Precisamente por ser un funcionario público que posee conocimientos que difícilmente poseen los demás; precisamente por ser un funcionario que ha logrado adquirir conocimientos y títulos universitarios gracias a los recursos del Estado, este tipo de funcionario tiene la obligación constante de devolverle a la sociedad lo que la sociedad con sus impuestos le ha permitido llegar a ser. Un profesor o una profesora de universidad pública no es solamente aquel o aquella que sabe interpretar el vitral de una catedral gótica o sabe descifrar un manuscrito del siglo XVII o explica lúcidamente la diferencia entre Gottfried Leibniz y Baruch de Spinoza o sabe hacer los cálculos de resistencia de los pilares de acero de un puente o diagnostica a la perfección un conjunto de síntomas de una enfermedad exótica o describe con precisión la composición fitoquímica de unas plantas. Esta es la dimensión técnica, especializada y limitada de la función transmisora de conocimiento; pero hay otra dimensión inherente a la condición de un funcionario público poseedor de un capital simbólico que le permite hablar de lo que ha sido, de lo que viene siendo y de lo que puede llegar a ser la sociedad en que están inmersos ese profesor universitario y la institución a la que pertenece.

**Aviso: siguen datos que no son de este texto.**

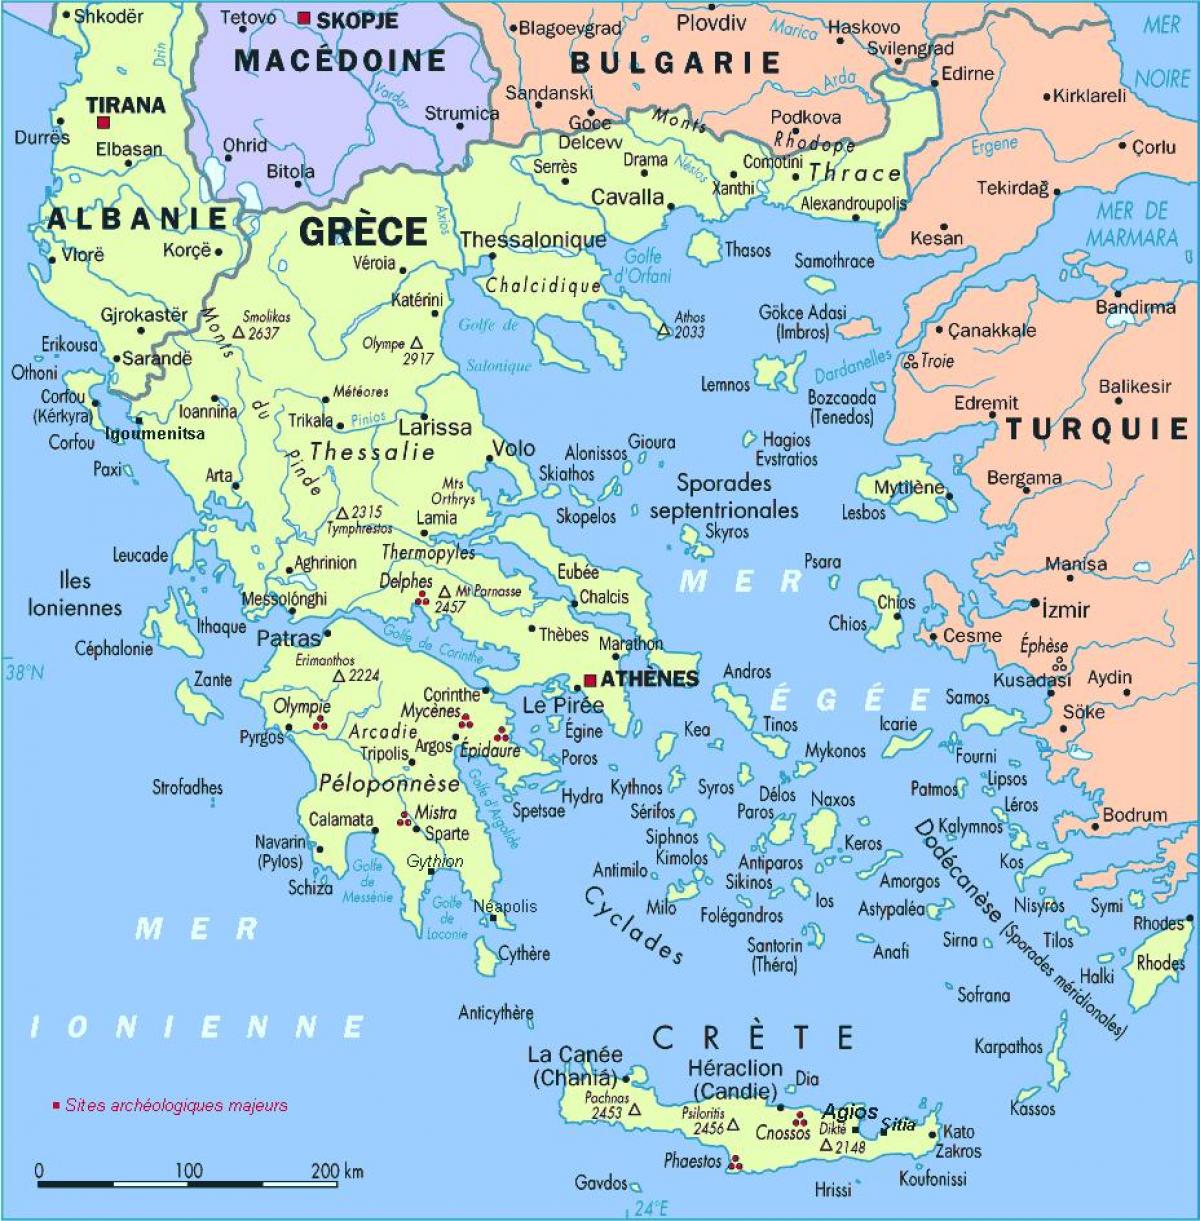 خريطة اليونان والمنطقة المحيطة بها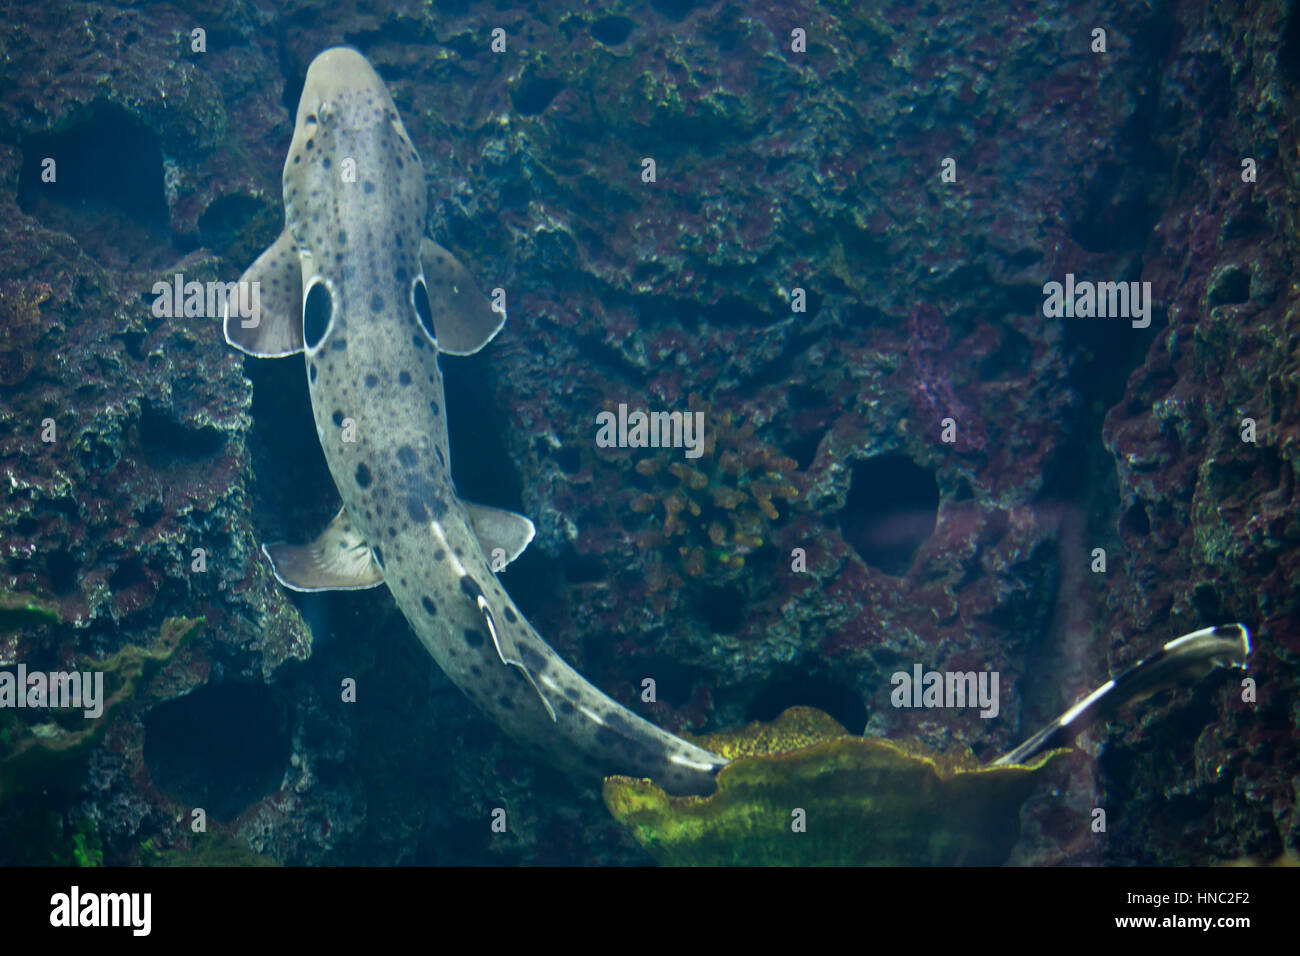 Epaulette shark (Hemiscyllium ocellatum). Marine fish. Stock Photo

Las y los profesores de las universidades públicas no son funcionarios públicos educados para el silencio y la sumisión; no importa la índole de su especialización en algún rincón de una ciencia, su acumulado de conocimiento no es patrimonio de exclusiva y restringida circulación en las franjas horarias de los cursos semestrales asignados. Tienen la obligación de hacer circular ese conocimiento por fuera del claustro universitario, de resignificarlo en los momentos que la sociedad se debate en torno a asuntos básicos de la existencia. Para los científicos de las ciencias humanas y sociales, está claro que no es la primera vez que la sociedad humana está sometida a los desastres de la peste; no es la primera vez que el ser humano expresa su temor y su indignación ante la enfermedad, la muerte, la ruina y la pobreza. No es la primera vez que la sociedad cuestiona las fórmulas de la representación política. Un científico de las ciencias humanas y sociales, adscrito a cualquier universidad pública, debería partir de esas elementales certezas para tratar de decirles algo a los grupos humanos que hoy están discutiendo las premisas del funcionamiento de la vida pública en Colombia. Hacerlo es un deber de científico, de humanista y de funcionario público.

Dejemos esto en claro para empezar a decir algo acerca de lo que la universidad pública puede proponerle a la sociedad colombiana en esta encrucijada tan difícil, con o sin licencia de la mordaza de los colegas que, si acaso, saben contemplar los vitrales de las catedrales góticas de Europa.

Pintado en la Pared No. 230.    

1 comentario:

  1. El título de este blog me trae recuerdos de la abuela: fulano de tal “no es cualquier pintado en la pared”, luego, los demás sí lo somos, “estamos pintados en la pared”… Más que pensar en estos históricos discursos de segregación, cotidianamente reproducidos, las palabras recogidas en “Memoria de la peste” nos invitan a mirar más allá. Cumplen su papel de producción de conocimiento, inspiran, y sobre todo, llaman la atención sobre el compromiso ético y político (que suele ser tan banalizado en esferas políticas y académicas) de quienes hemos decidido (pese a múltiples dificultades tangibles e intangibles, con o sin privilegios) construirnos como científicos sociales, sin olvidar nuestras raíces, nuestra humanidad, nuestra capacidad para recuperar la esperanza con solidaridad, afecto y unidad desde la diversidad y la adversidad compartida (tal como lo han demostrado las primeras líneas). Retos grandes, pero no imposibles.